Of the eight Vavilovian Centers of Origin of cultivated plants, five derive from isolated regions in the Eurasian continuum; the sixth is from Abyssinia, and the remaining two from the Americas.
The Old World crops were largely known within the region at the dawn of the Modern Age.
Asian spices and other crops played a central role in the economical, political, cultural, and scientific changes that occurred in Europe during the 16th and 17th centuries.
Vasco da Gama’s voyage around Africa to reach India in 1498, opening a new route between Europe and Asia, epitomizes the rupture with the ancient way of commerce and world view.
Crop movement between Europe, Asia, Africa, and the Americas intensified and a new way of looking at plants emerged.

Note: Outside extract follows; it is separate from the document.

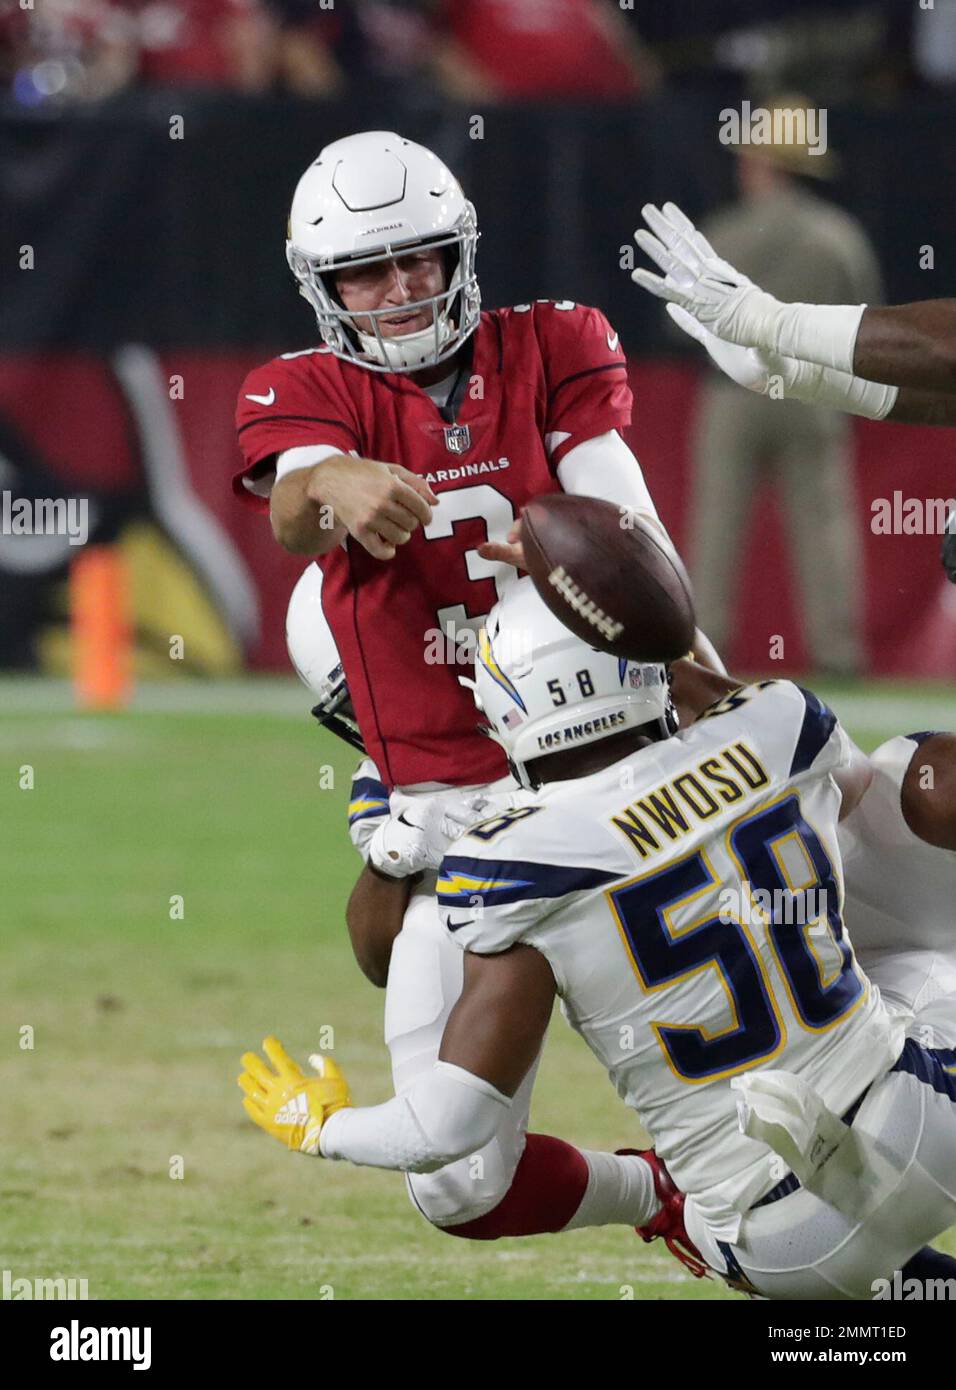 Arizona Cardinals quarterback Josh Rosen (3) during the first half of an preseason NFL football game against the Los Angeles Chargers, Saturday, Aug. 11, 2018, in Glendale, Ariz. (AP Photo/Rick Scuteri) Banque D'Images

Garcia da Orta, the first western botanist in India, described Asian crops in his “Colloquia on the Simples and Drugs of India” (1563) with a previously unknown objectivity.
This modern approach to reality has been beautifully captured in the verses by the Portuguese poet Camoes used as an epigraph in Orta’s book “Favor the ancient / Science which Achilles held in esteem;/ Look because you must see / What was revealed in our time / The fruit of a Orta [garden, a pun on Orta’s name] where / New plants bloom, unknown to scholars.” Orta’s book, written in vernacular Portuguese, was translated into Latin by Charles de l'Écluse and became an influential botanical treatise in Renaissance Europe.
Scholars would in fact have to revise their knowledge of plants leading to the emancipation of botany and its emergence as a scientific discipline.
The world’s economy, science, and literature would not be the same after Gama sailed around the Cape of Good Hope.
Spices and other Asian crops were at the center of the story.